Trump then reportedly became livid with Sessions, excoriating him for recusing himself from overseeing the probe and saying he should resign.
“How could you let this happen, Jeff?” Trump asked Sessions, adding that he had “let [him] down.”
Sessions recalled that Trump said to him, “you were supposed to protect me,” or “words to that effect,” according to the Mueller report.
Hope Hicks, a former top staffer in the White House who was known to be close to Trump, told the Mueller team she had only ever seen the president that angry once before when an “Access Hollywood” tape was released during the campaign in which Trump could be heard bragging about grabbing women by the genitals.
The president and attorney general then agreed that Sessions would submit his resignation to the White House, according to Mueller’s report. The next day, Sessions handed in a resignation letter to Trump, but the president said he wanted him to stay at the Department of Justice.
Trump did not return the resignation letter, leading then-White House chief of staff Reince Priebus and former White House chief strategist Steven Bannon to worry that the president could use the letter to sway the attorney general, Mueller wrote.
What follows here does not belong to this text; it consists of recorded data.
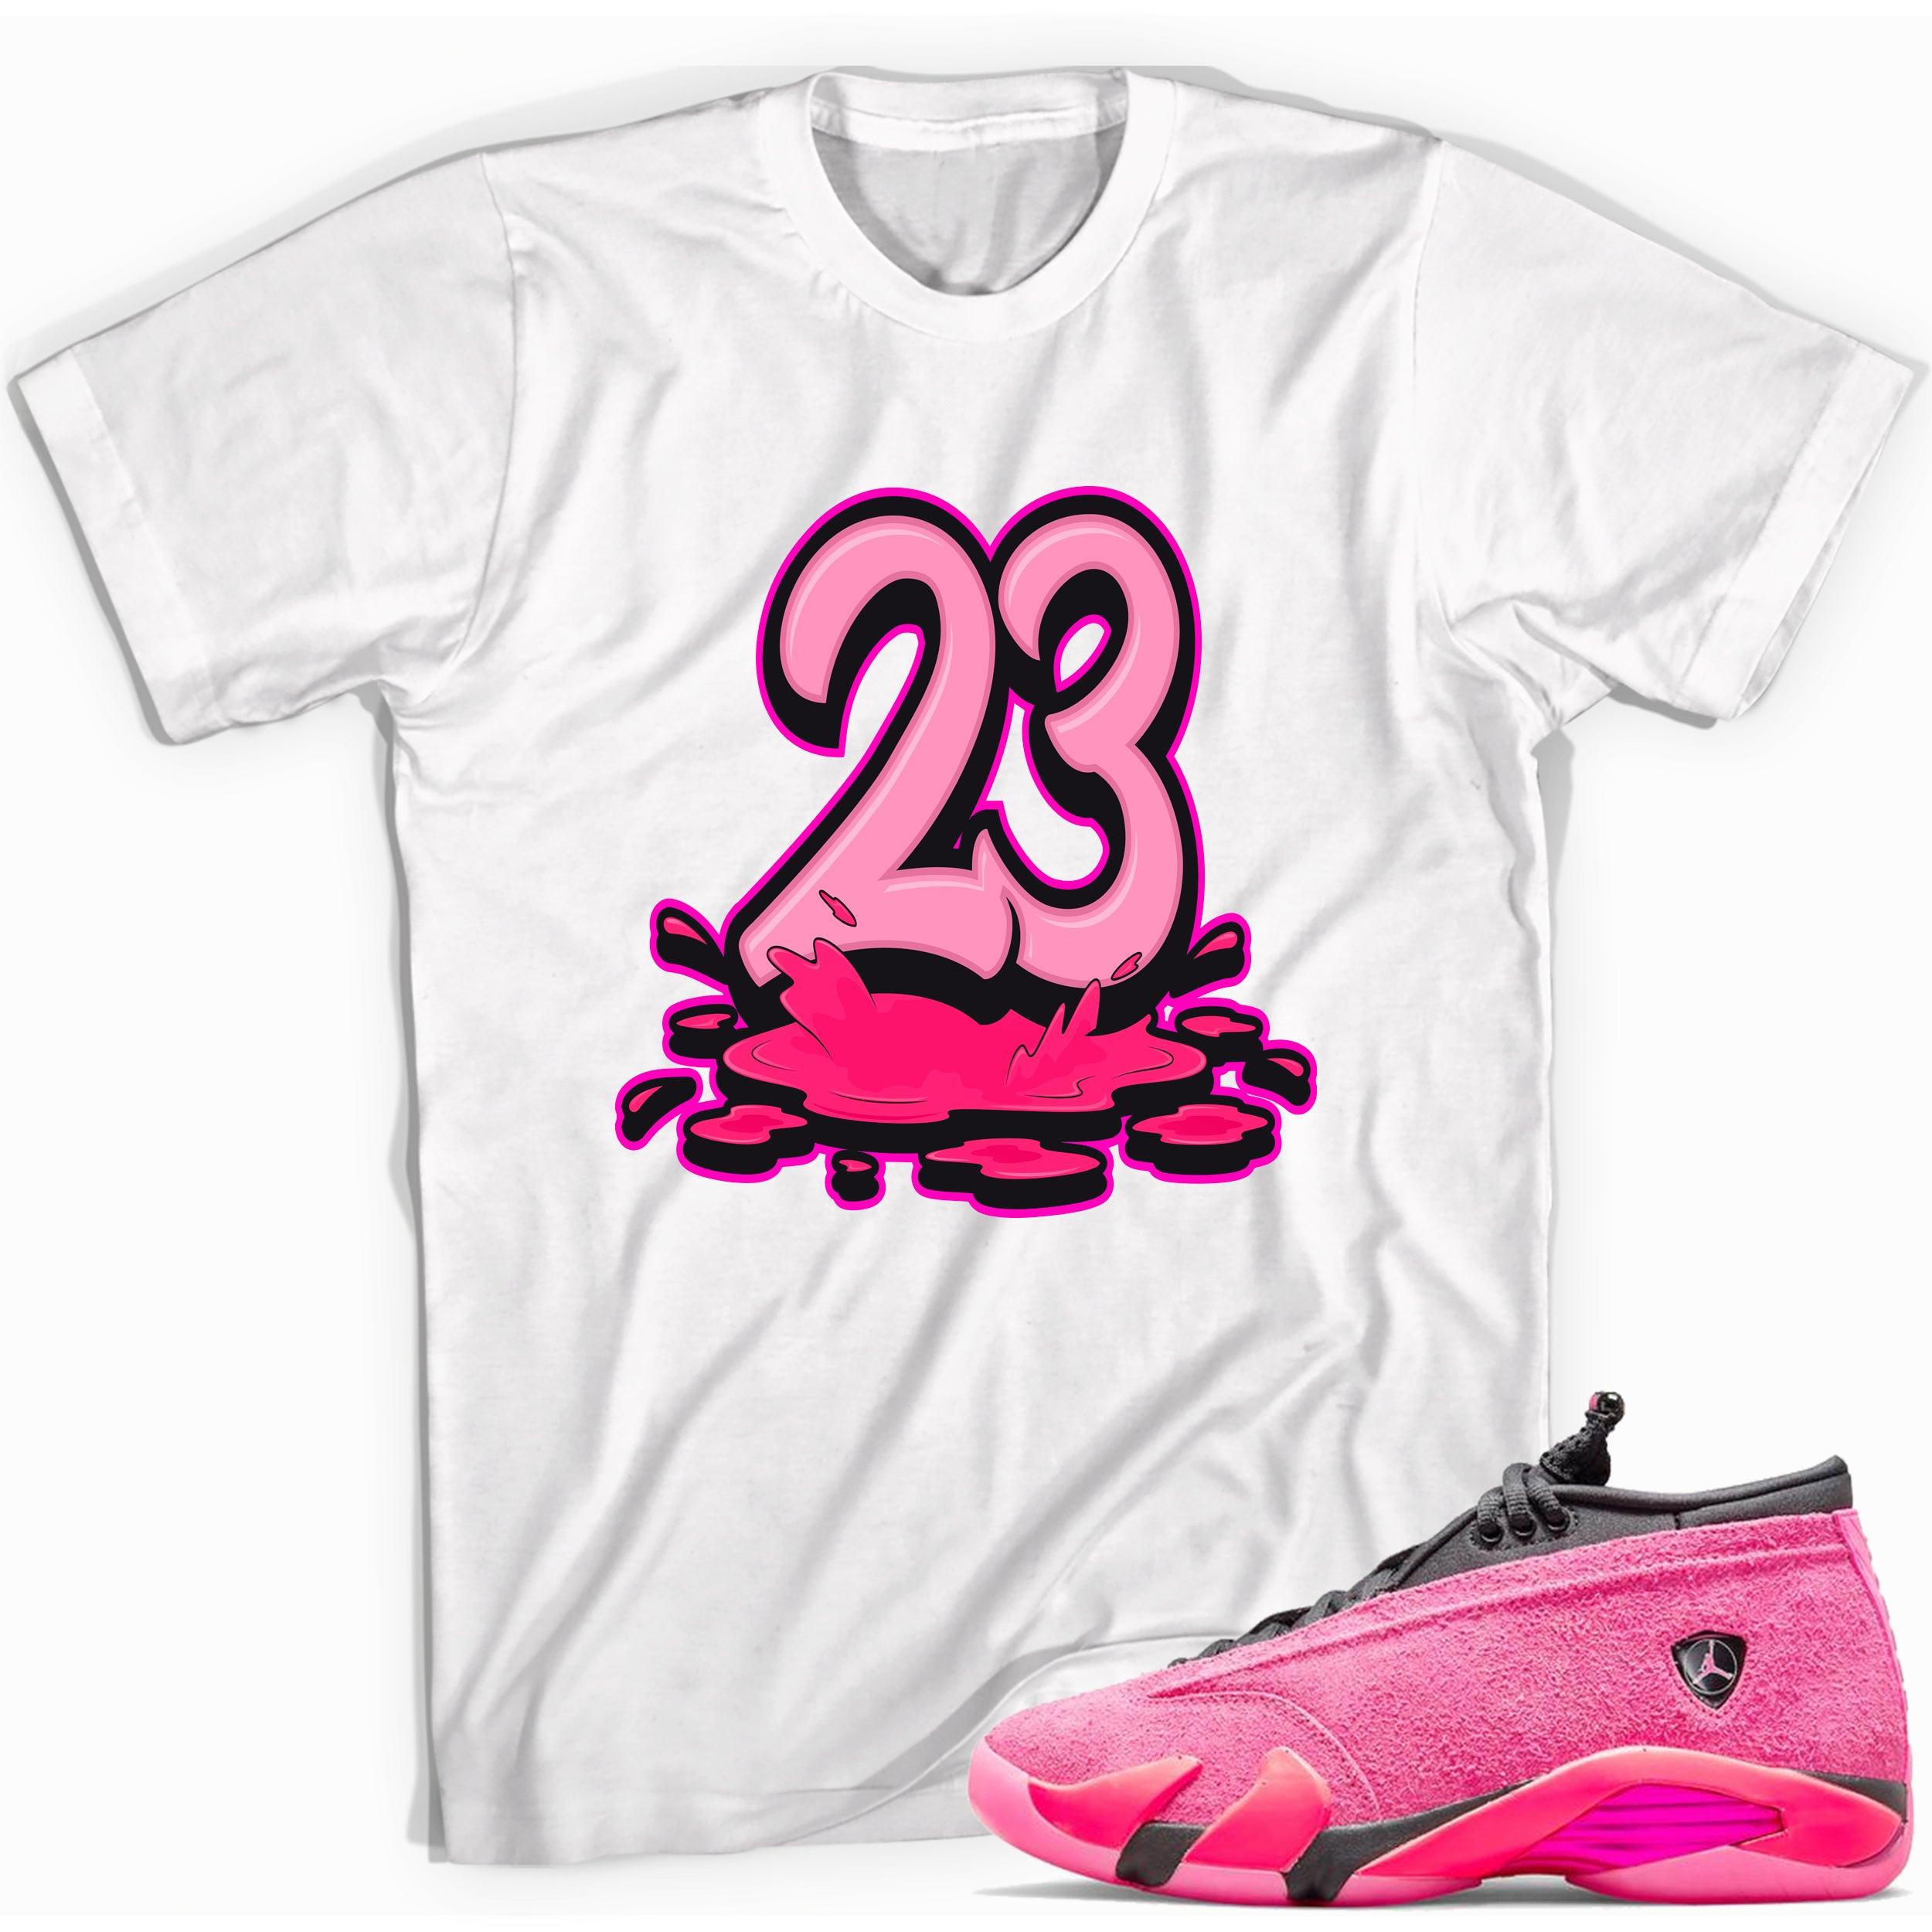 Jordan 14s Low Shocking Pink Shirt - 23 Melting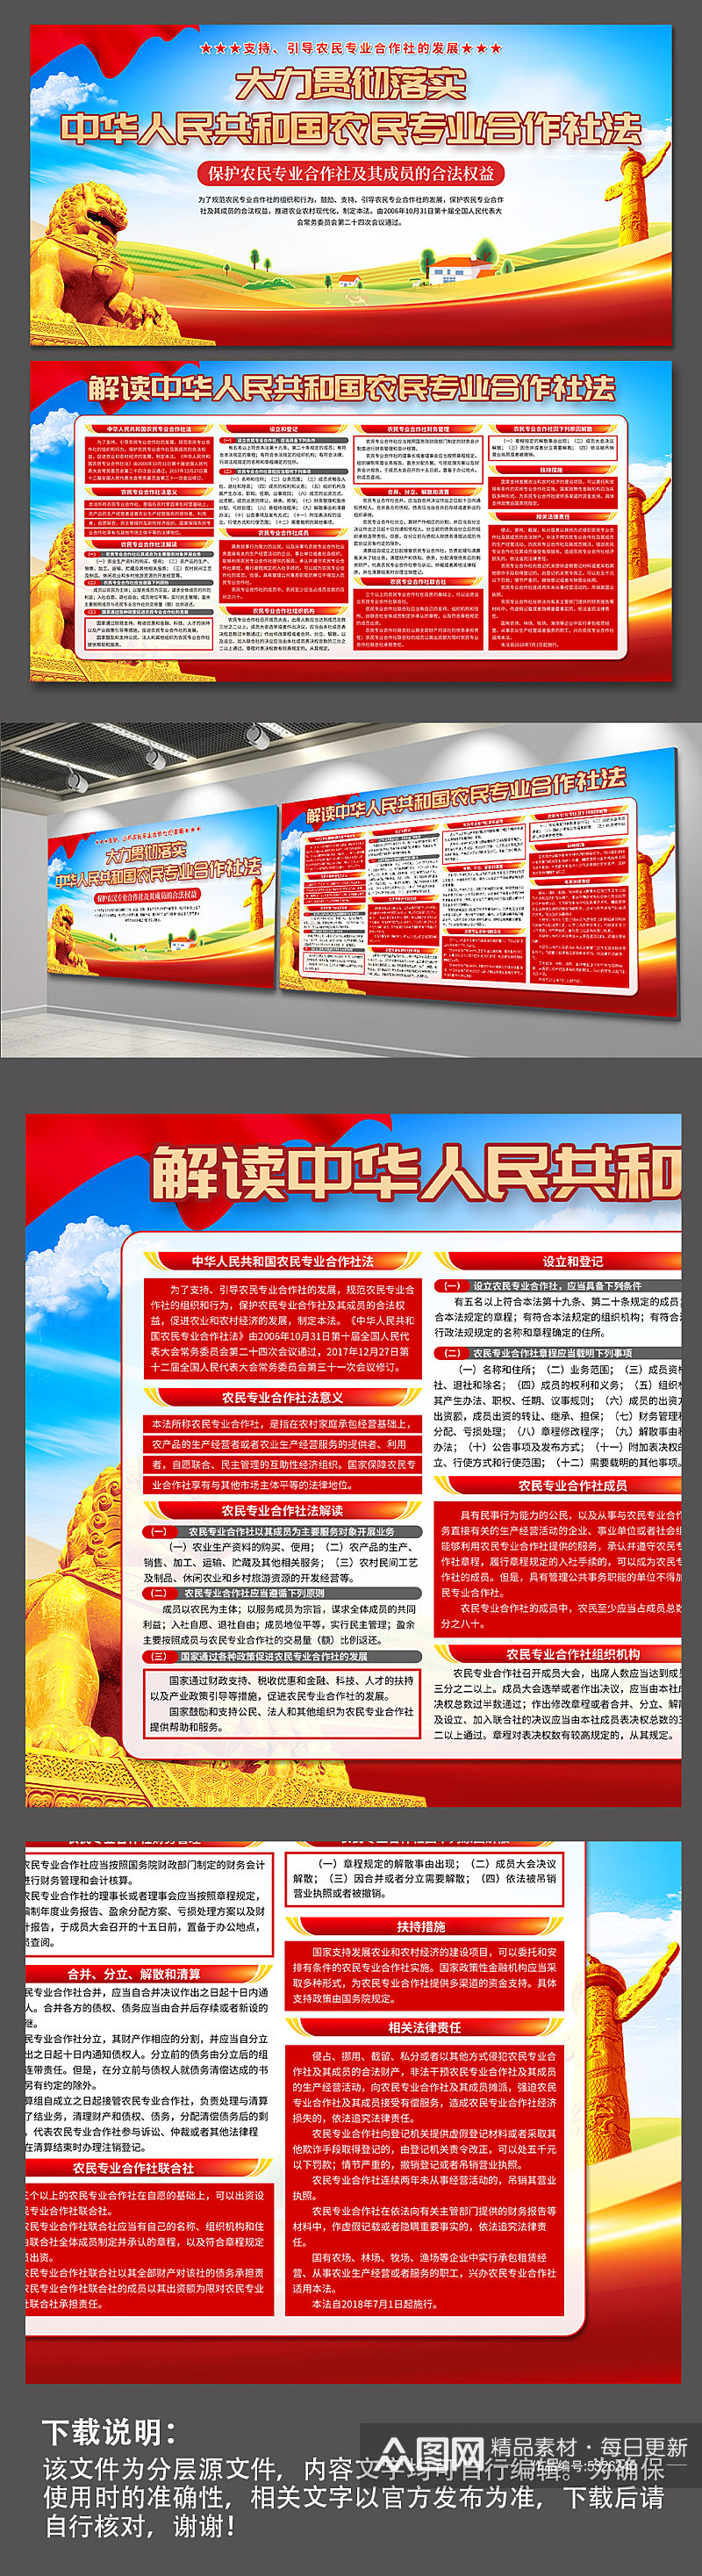 蓝色中华人民共和国农民专业合作社法展板素材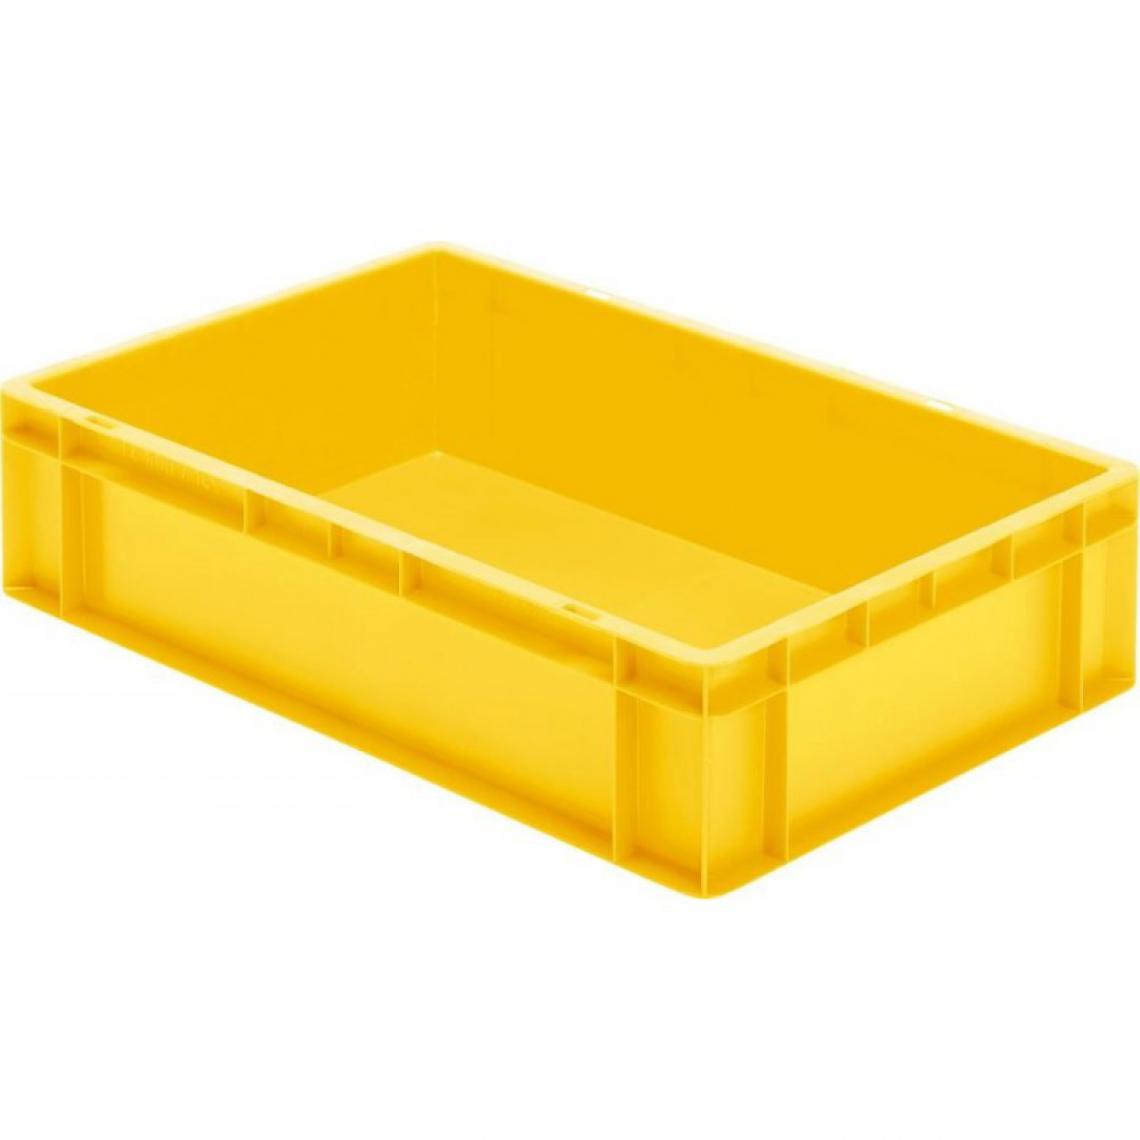 marque generique - Caisse de transport 600x400x145 mm jaune - Coffres

The president returned the letter over a week later with a notation saying, “Not accepted.”
Trump and Sessions were known to have an acrimonious relationship during Sessions’s tenure atop the Justice Department. The president frequently berated his attorney general over his decision to recuse himself from overseeing the Mueller probe due to prior meetings with Russia’s former ambassador. Trump continued his criticism long after Sessions left his post in November.
“Jeff Sessions should be ashamed of himself for allowing this total HOAX to get started in the first place!” Trump tweeted in December.
Trump also repeatedly derided the Mueller investigation as a “witch hunt” throughout the nearly two year probe. Following the redacted report’s release Thursday, the president said: “I’m having a good day.”